(How to complete this task) All of the data goes into your copy exactly as written. Images do not.

(Supplied data)
^^^^
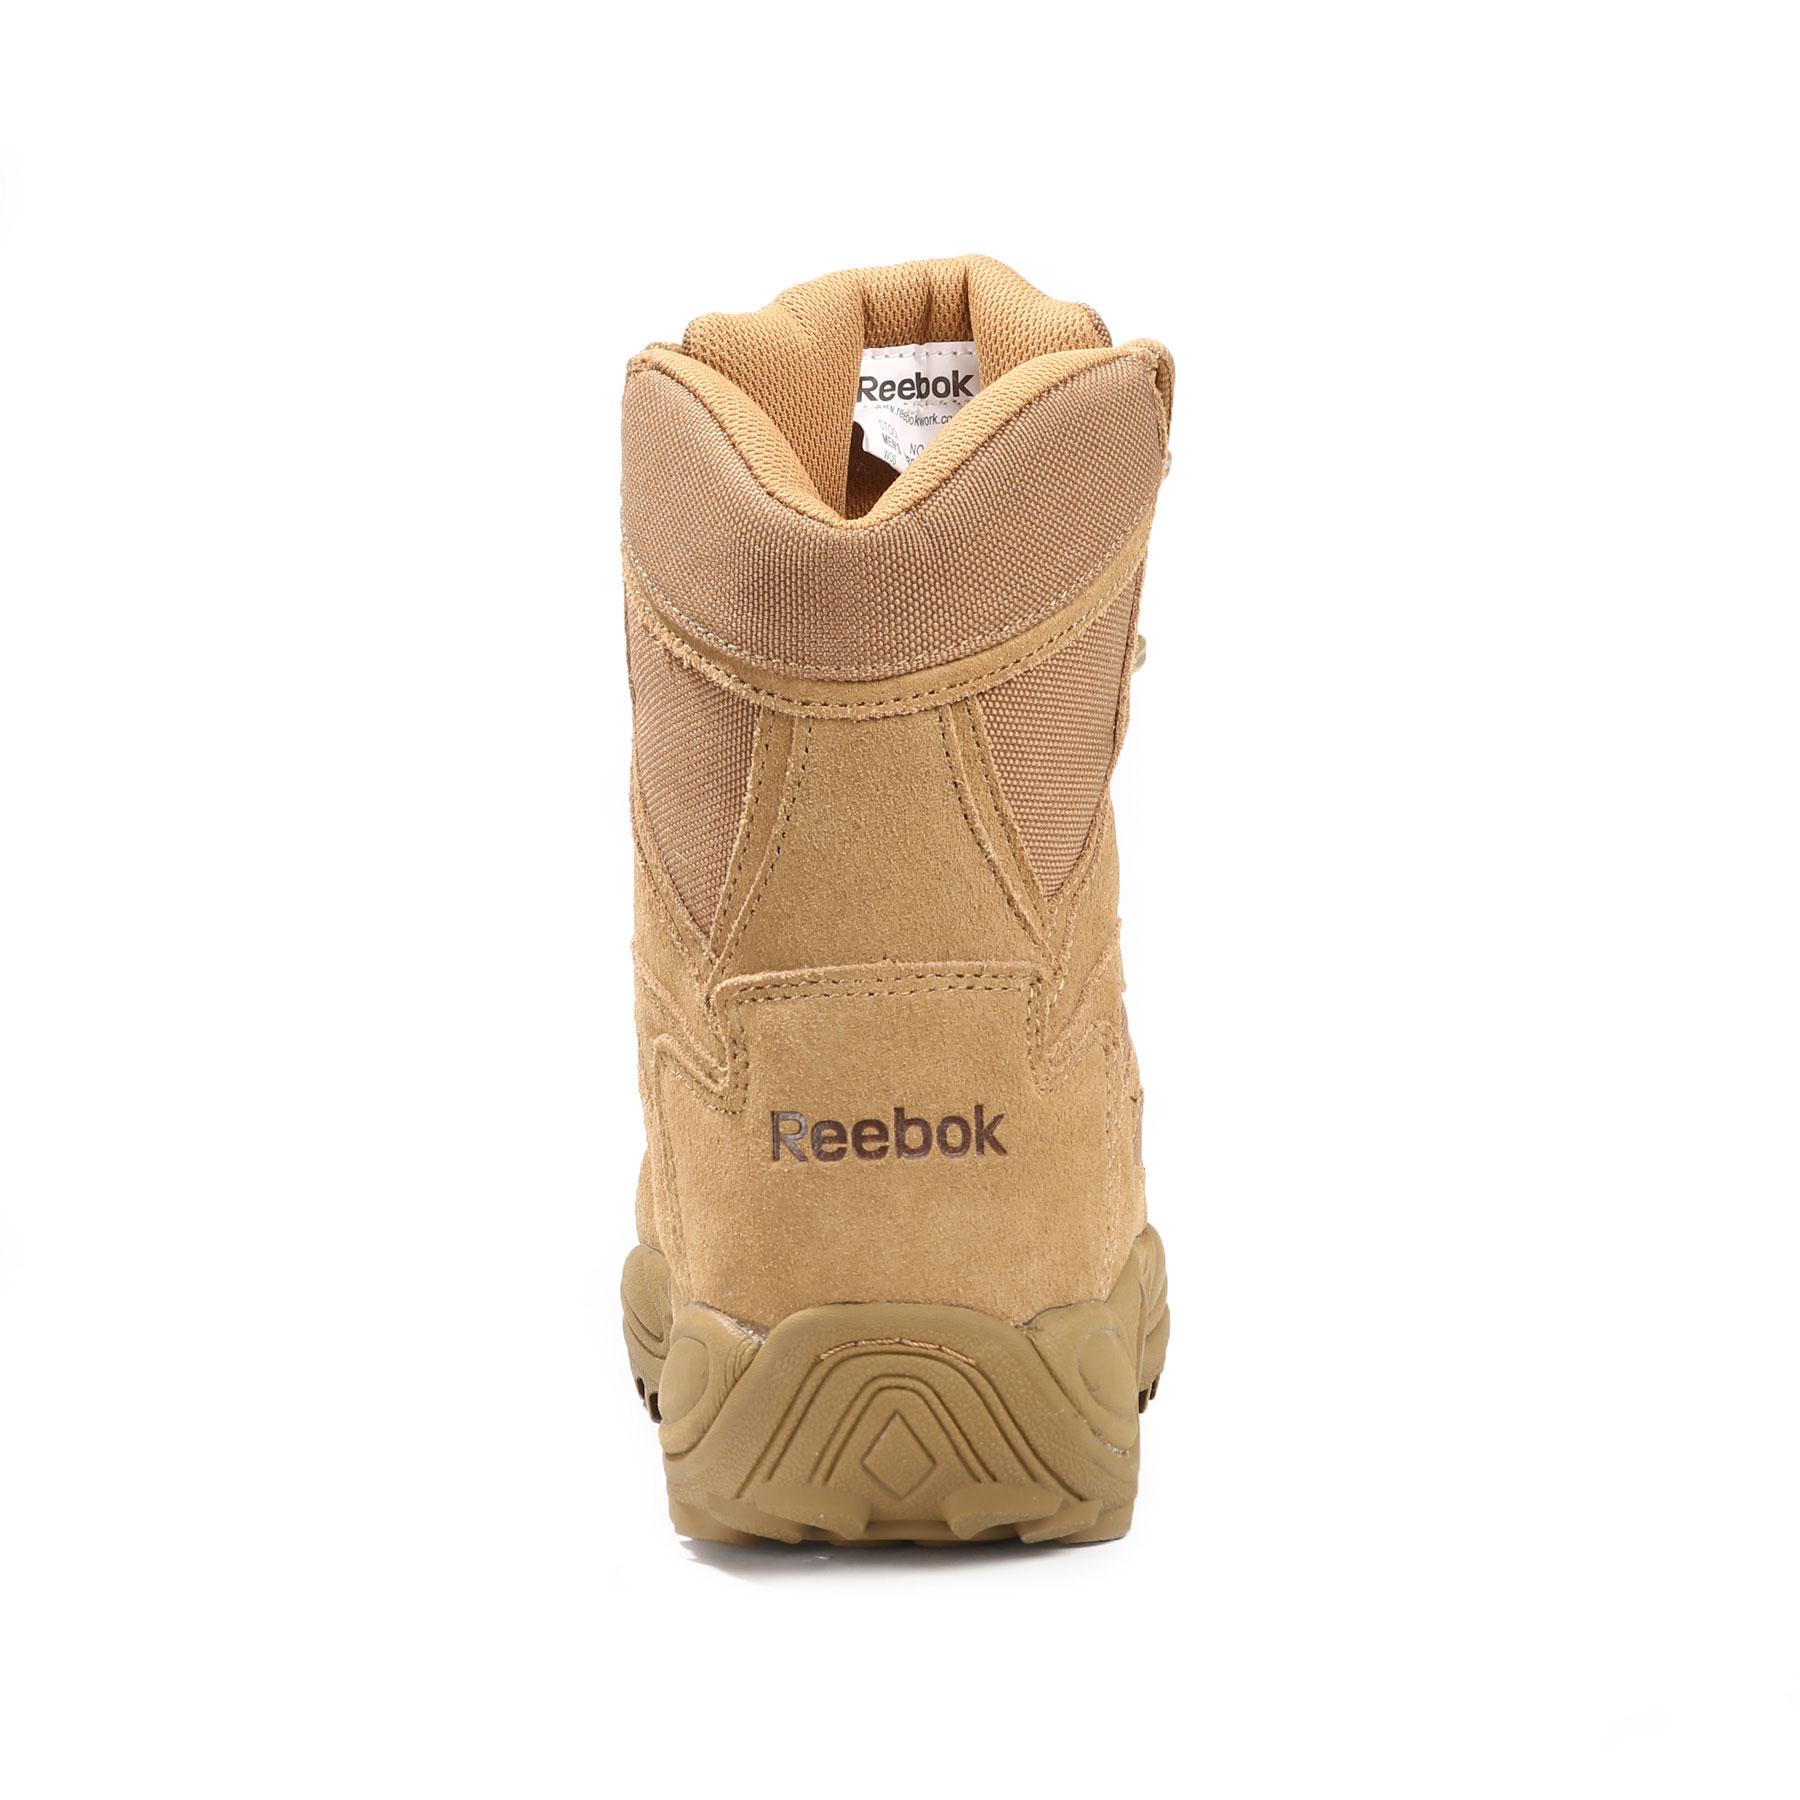 ad37def0afe Reebok Rapid Response RB 8
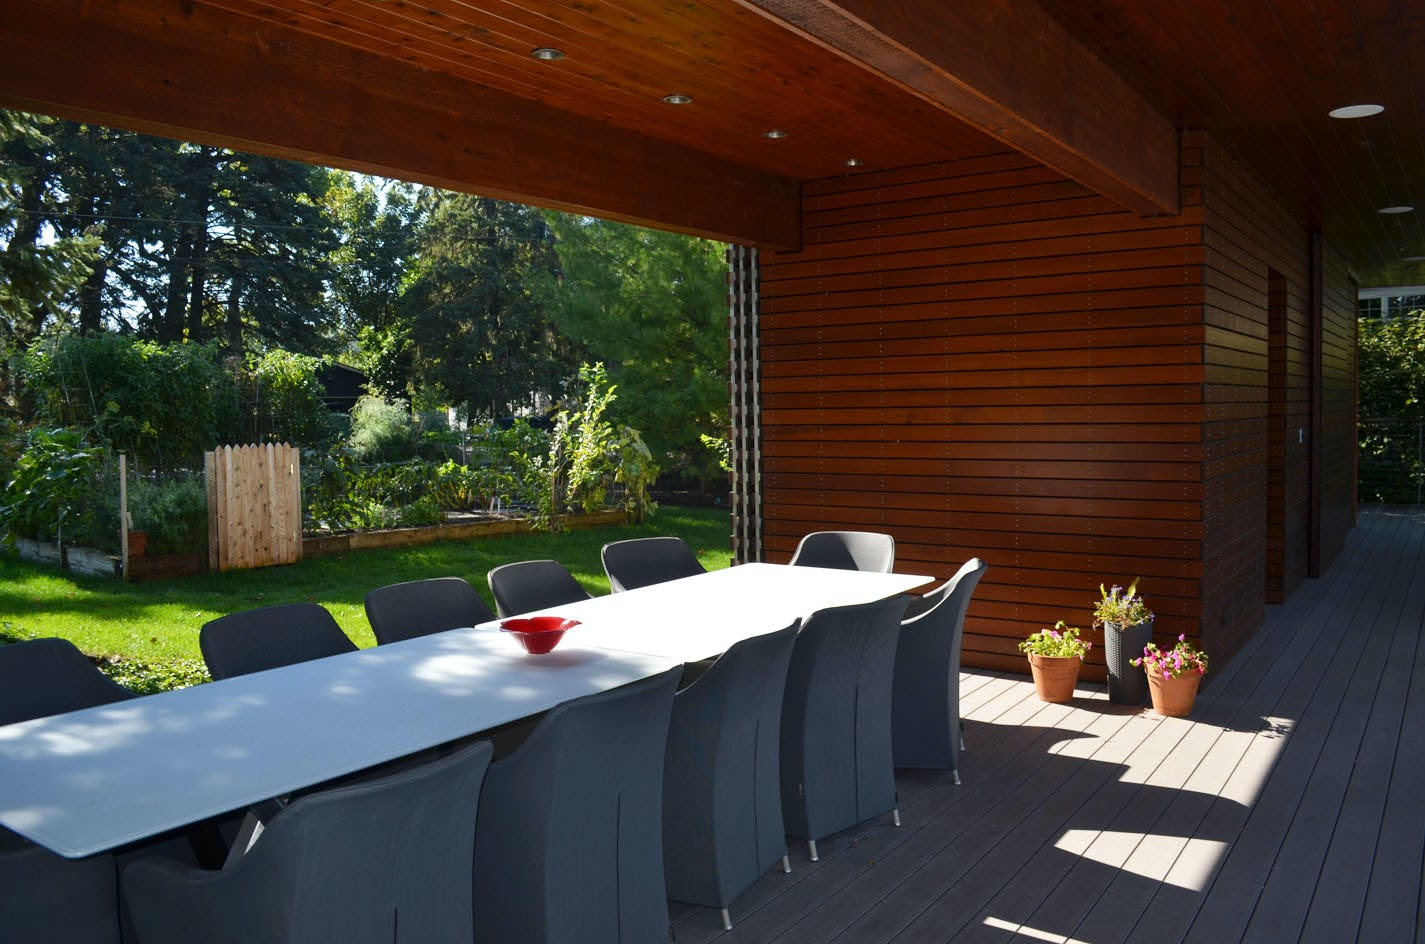 Pool house to garden
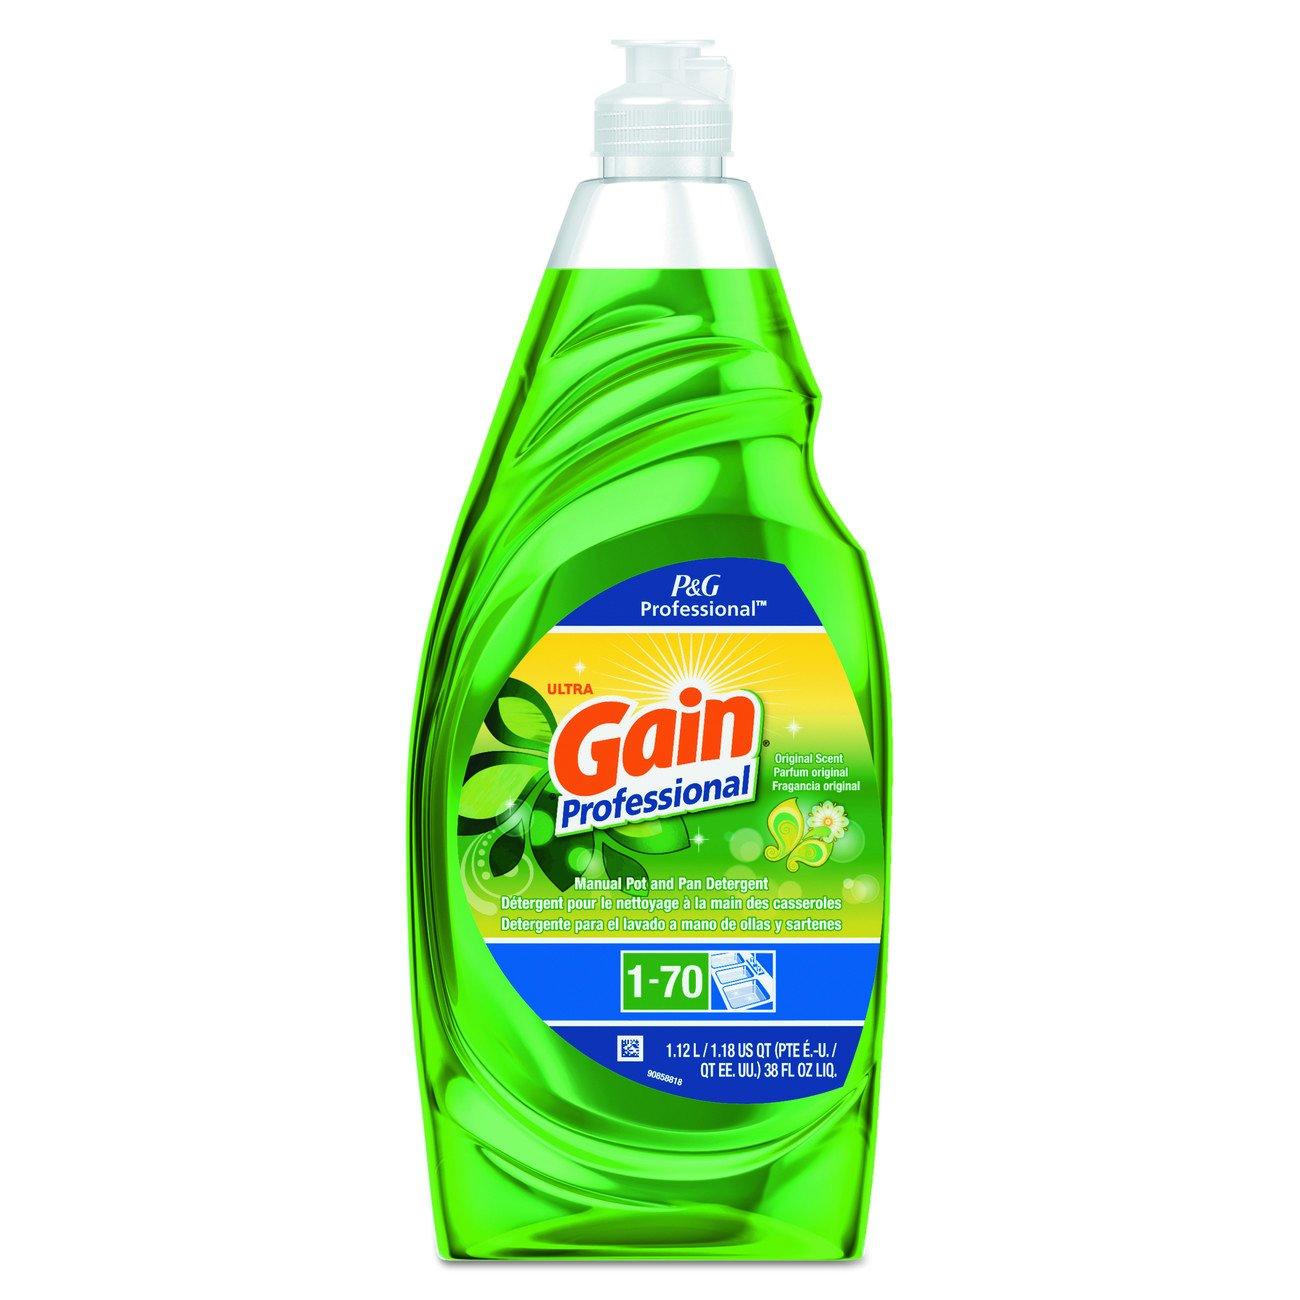 Gain 70740 Professional Manual Pot and Pan Dish Detergent, Original, 38 oz. Bottle Capacity
^^^^
(Task solution)
 ad37def0afe Reebok Rapid Response RB 8
 Pool house to garden
 Gain 70740 Professional Manual Pot and Pan Dish Detergent, Original, 38 oz. Bottle Capacity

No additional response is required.